- _YOUR INSTRUCTIONS_
Copy, word for word, the lines below from the one containing "Christmas Wreath Salad" up to and including the one containing "Alternate Image 1", with pictures left out.

- _INPUT RECORDS_
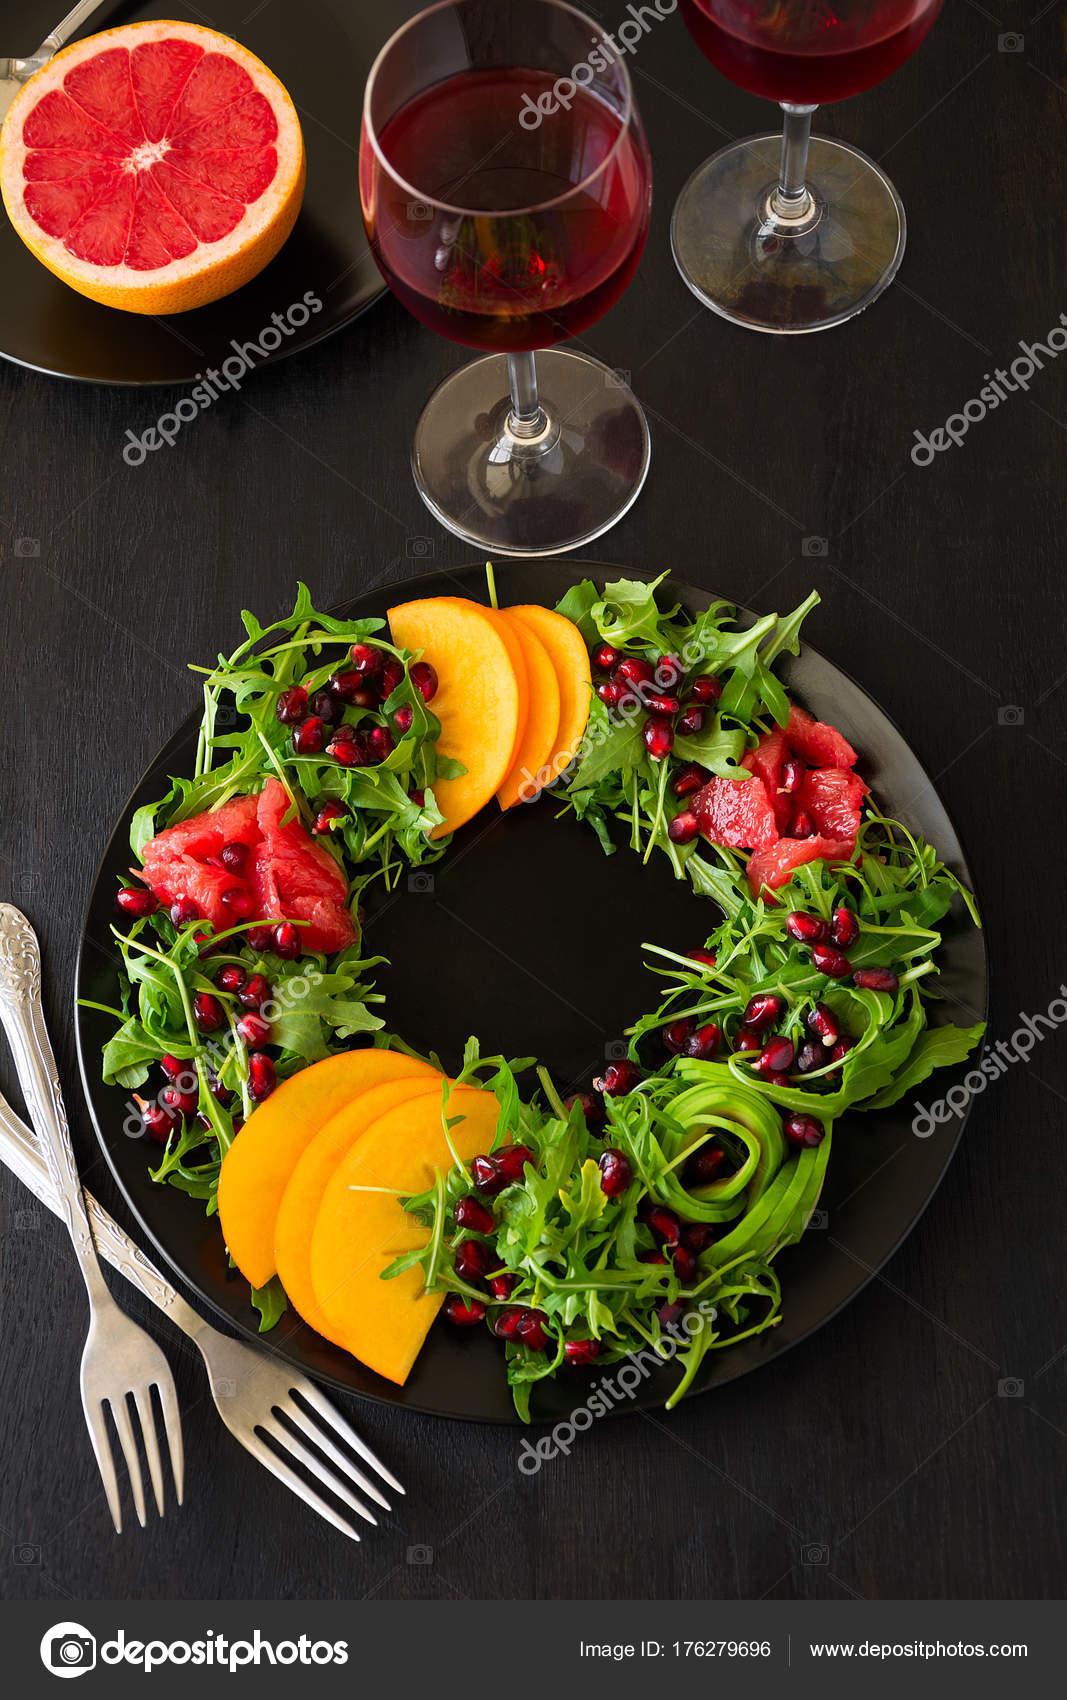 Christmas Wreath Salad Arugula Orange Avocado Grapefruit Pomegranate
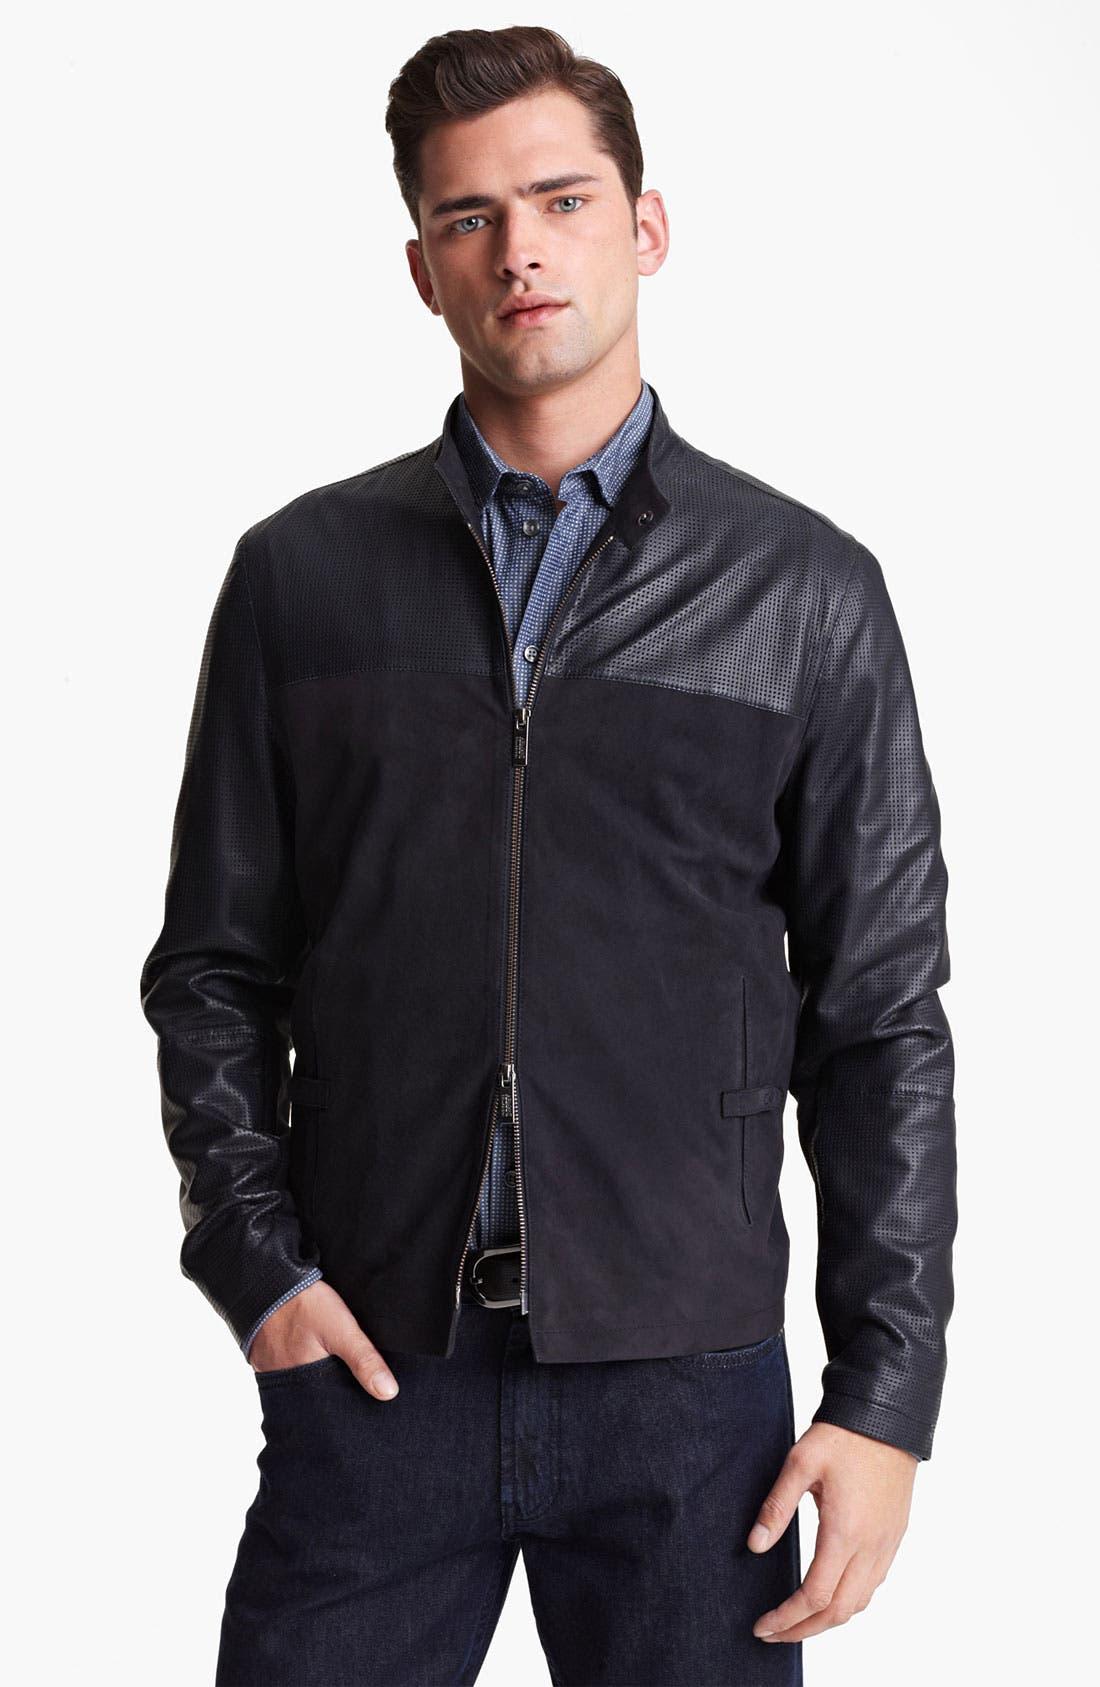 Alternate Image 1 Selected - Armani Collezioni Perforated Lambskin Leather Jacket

==

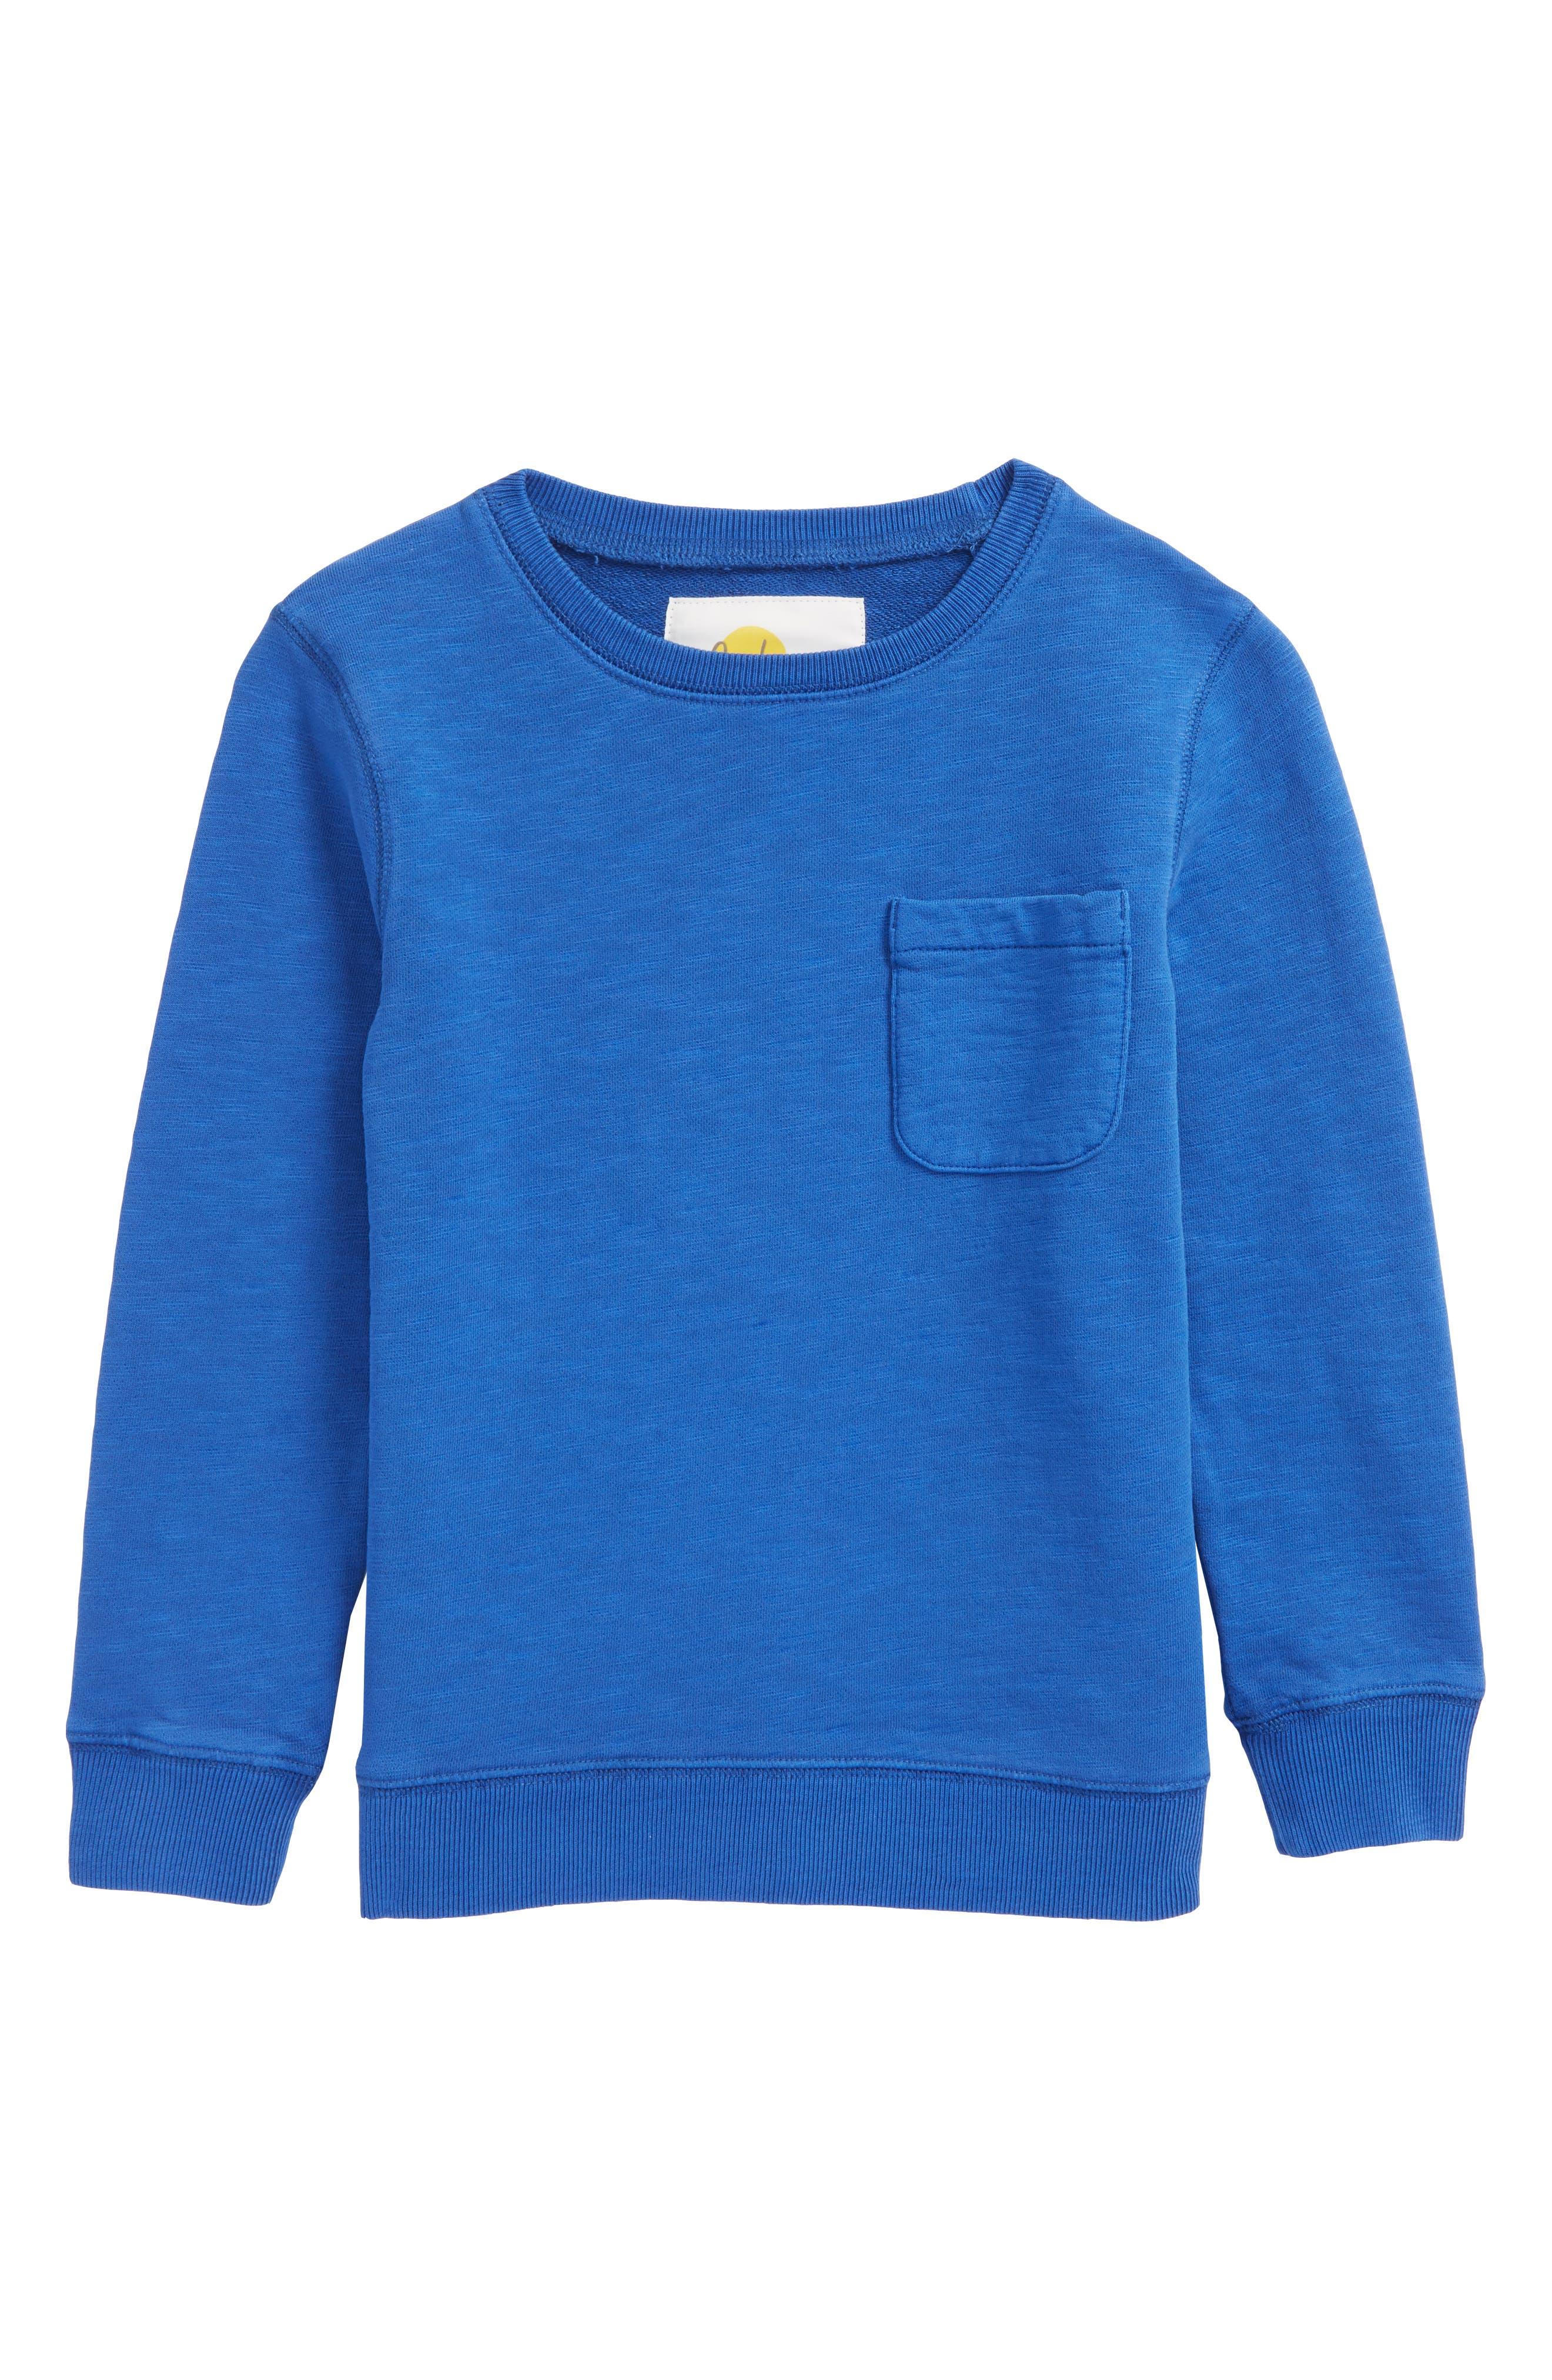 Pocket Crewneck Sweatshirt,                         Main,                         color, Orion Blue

- _ANSWER SPACE_
 Christmas Wreath Salad Arugula Orange Avocado Grapefruit Pomegranate
 Alternate Image 1 Selected - Armani Collezioni Perforated Lambskin Leather Jacket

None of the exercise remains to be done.